**Data for review:**
━━━━━━━━━━━━━━━━━━━━

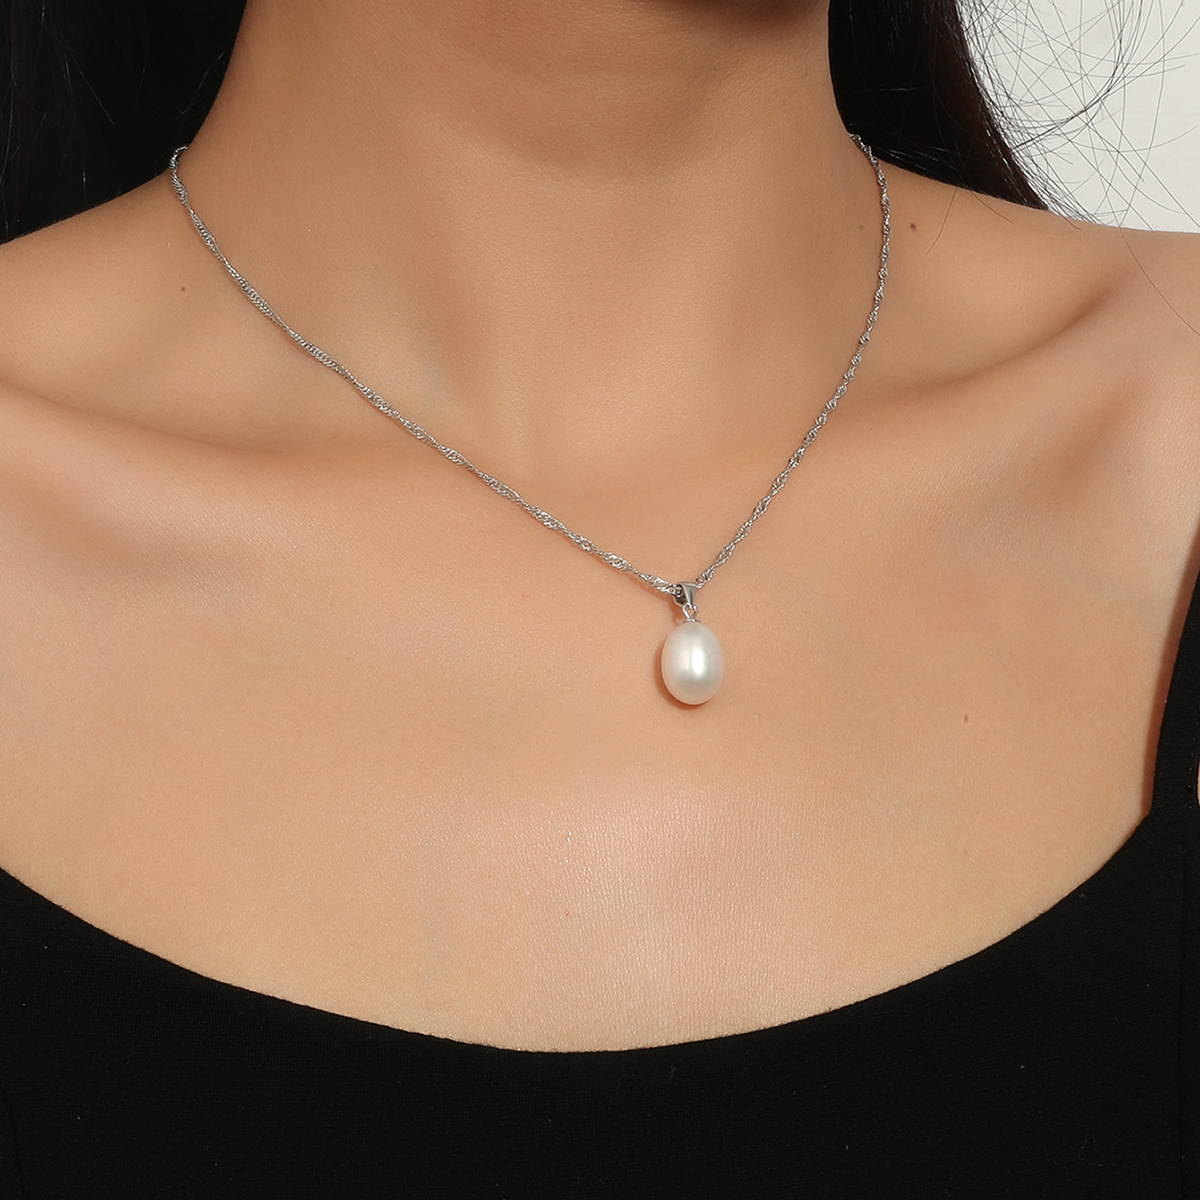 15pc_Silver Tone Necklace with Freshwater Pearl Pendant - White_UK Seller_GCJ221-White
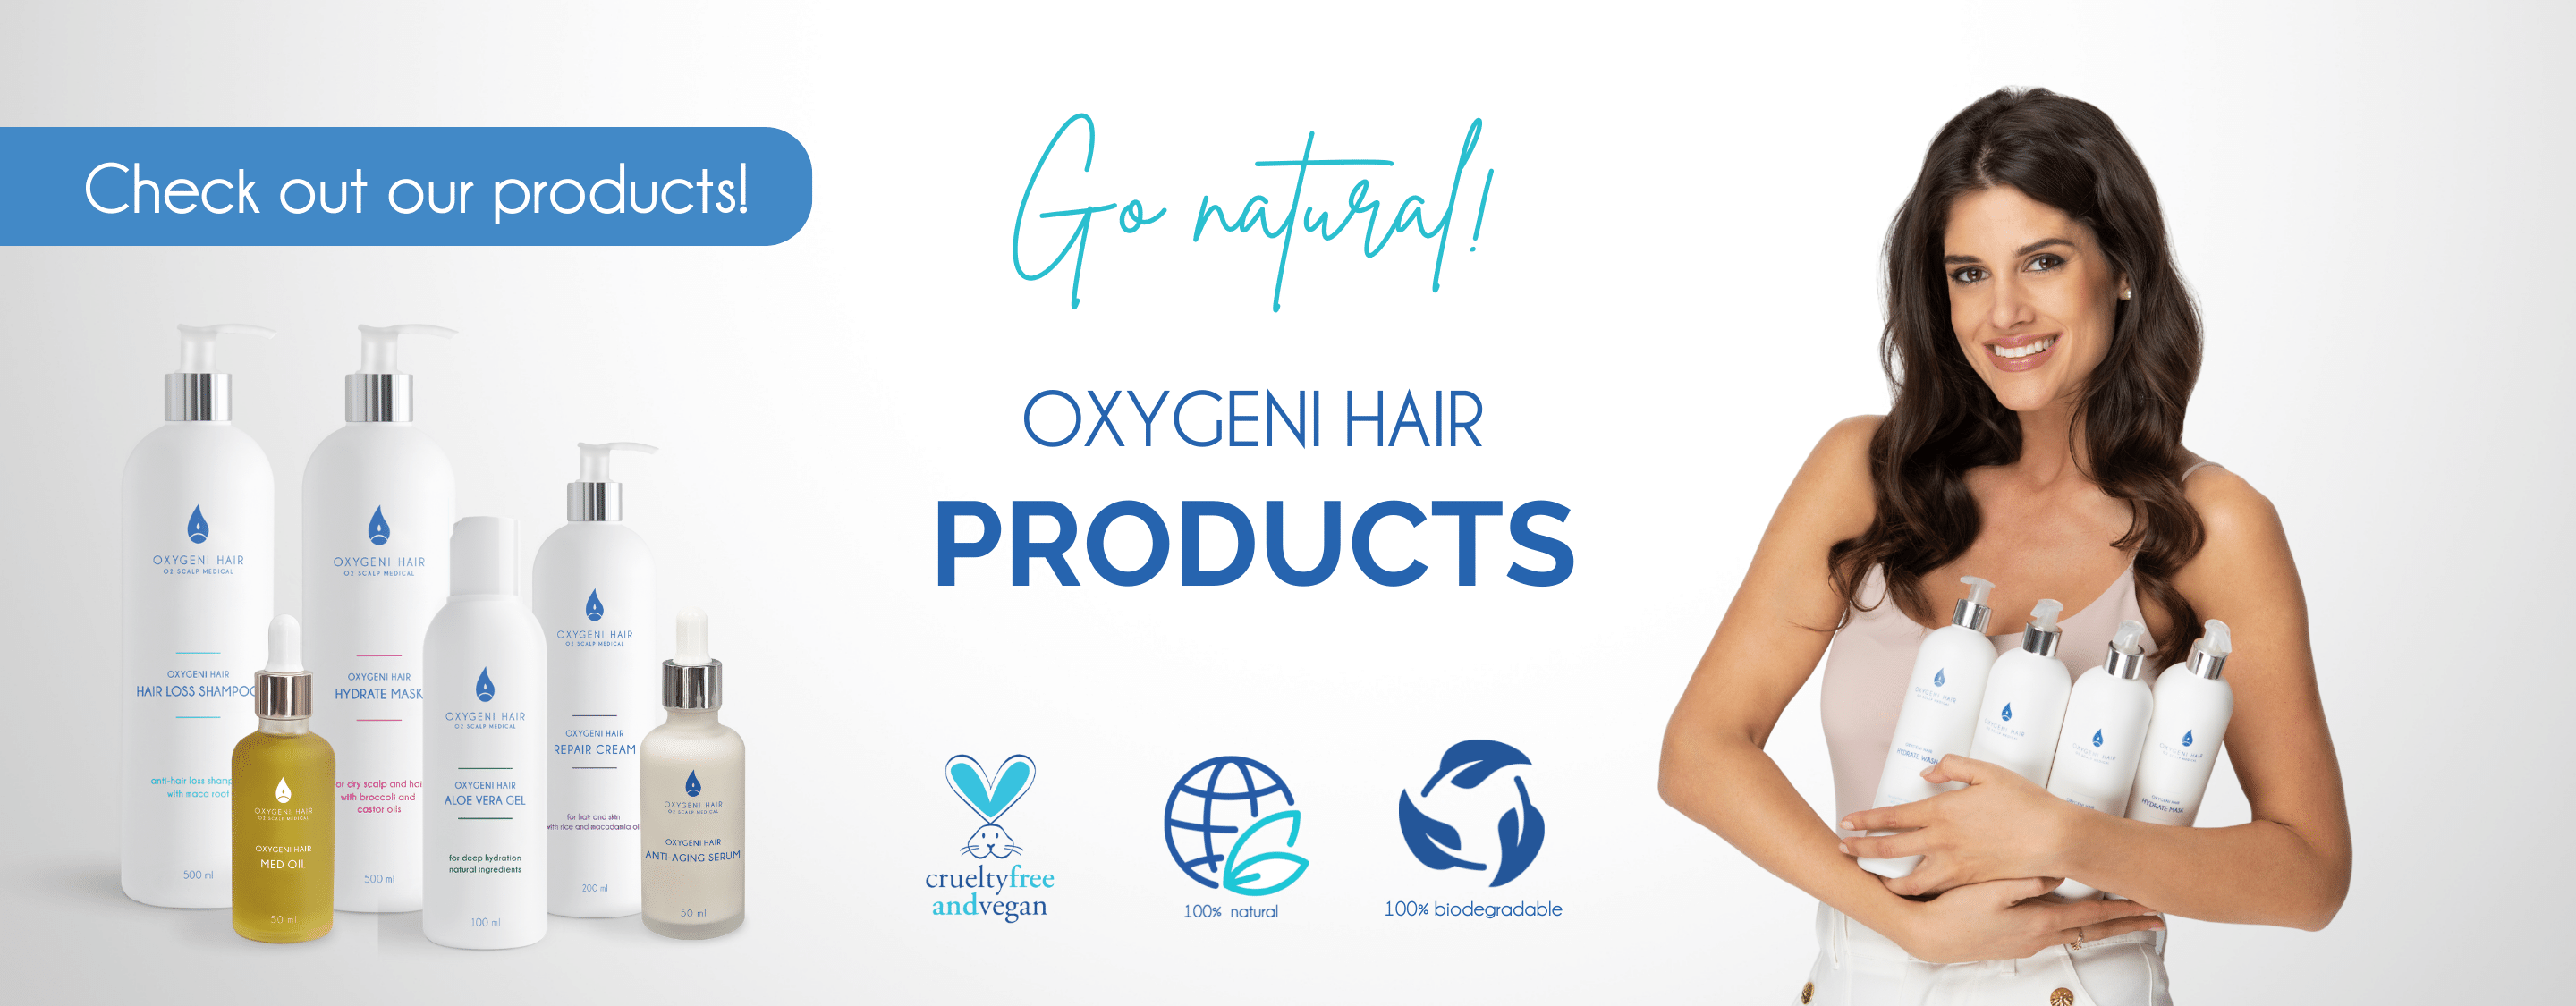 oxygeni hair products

━━━━━━━━━━━━━━━━━━━━

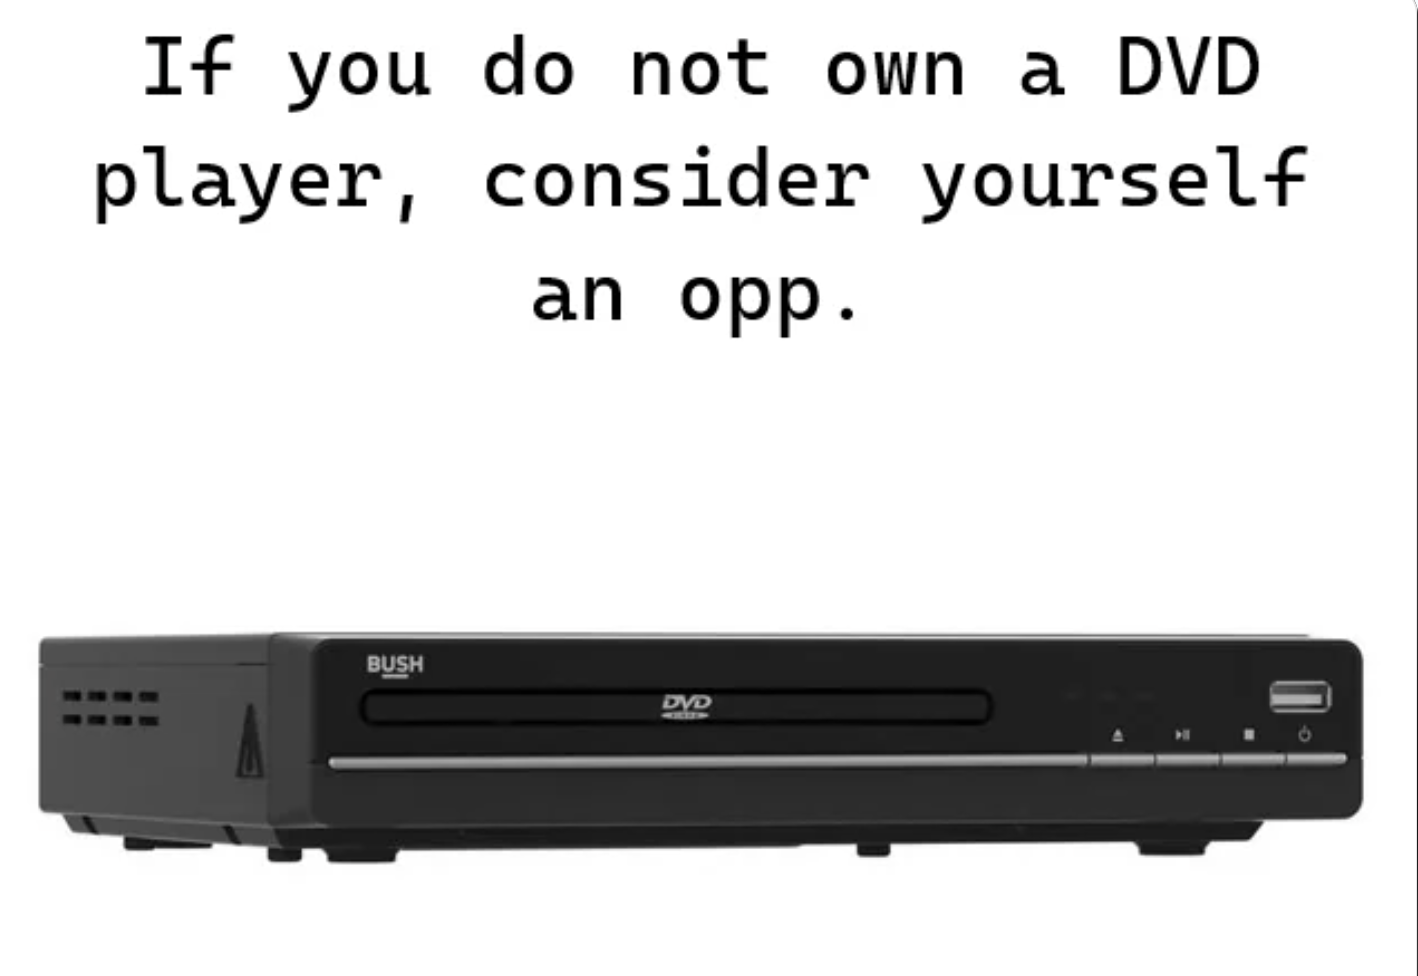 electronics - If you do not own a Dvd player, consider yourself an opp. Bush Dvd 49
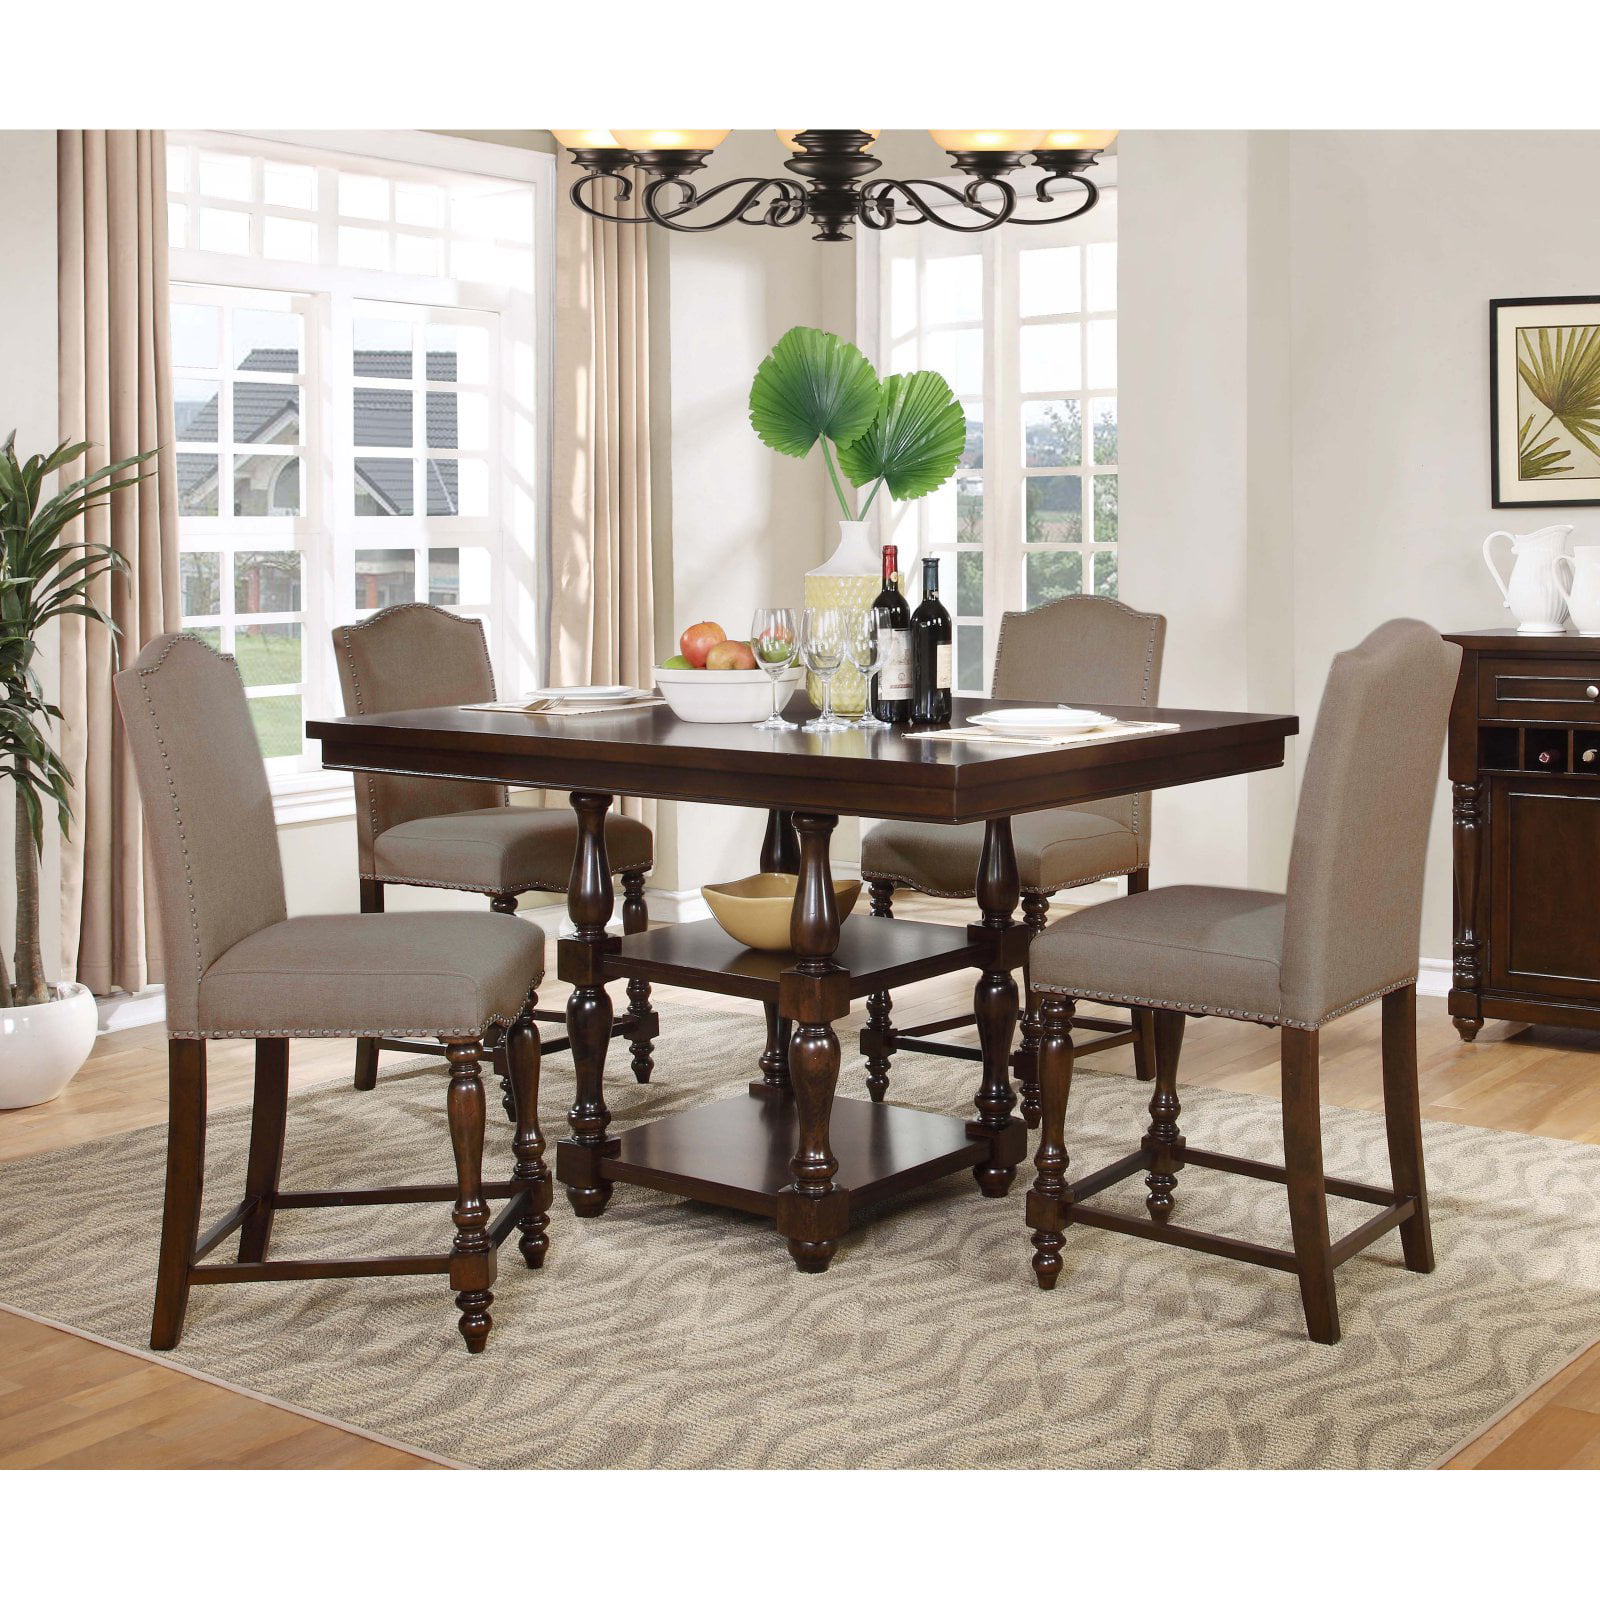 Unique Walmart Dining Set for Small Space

━━━━━━━━━━━━━━━━━━━━

**What to produce:** Output exactly, and only, the lines of the entries above from the one with "15pc_Silver Tone Necklace" up to and including the one with "oxygeni hair products"; pictures are to be left out.

**Result below:**
 15pc_Silver Tone Necklace with Freshwater Pearl Pendant - White_UK Seller_GCJ221-White
 oxygeni hair products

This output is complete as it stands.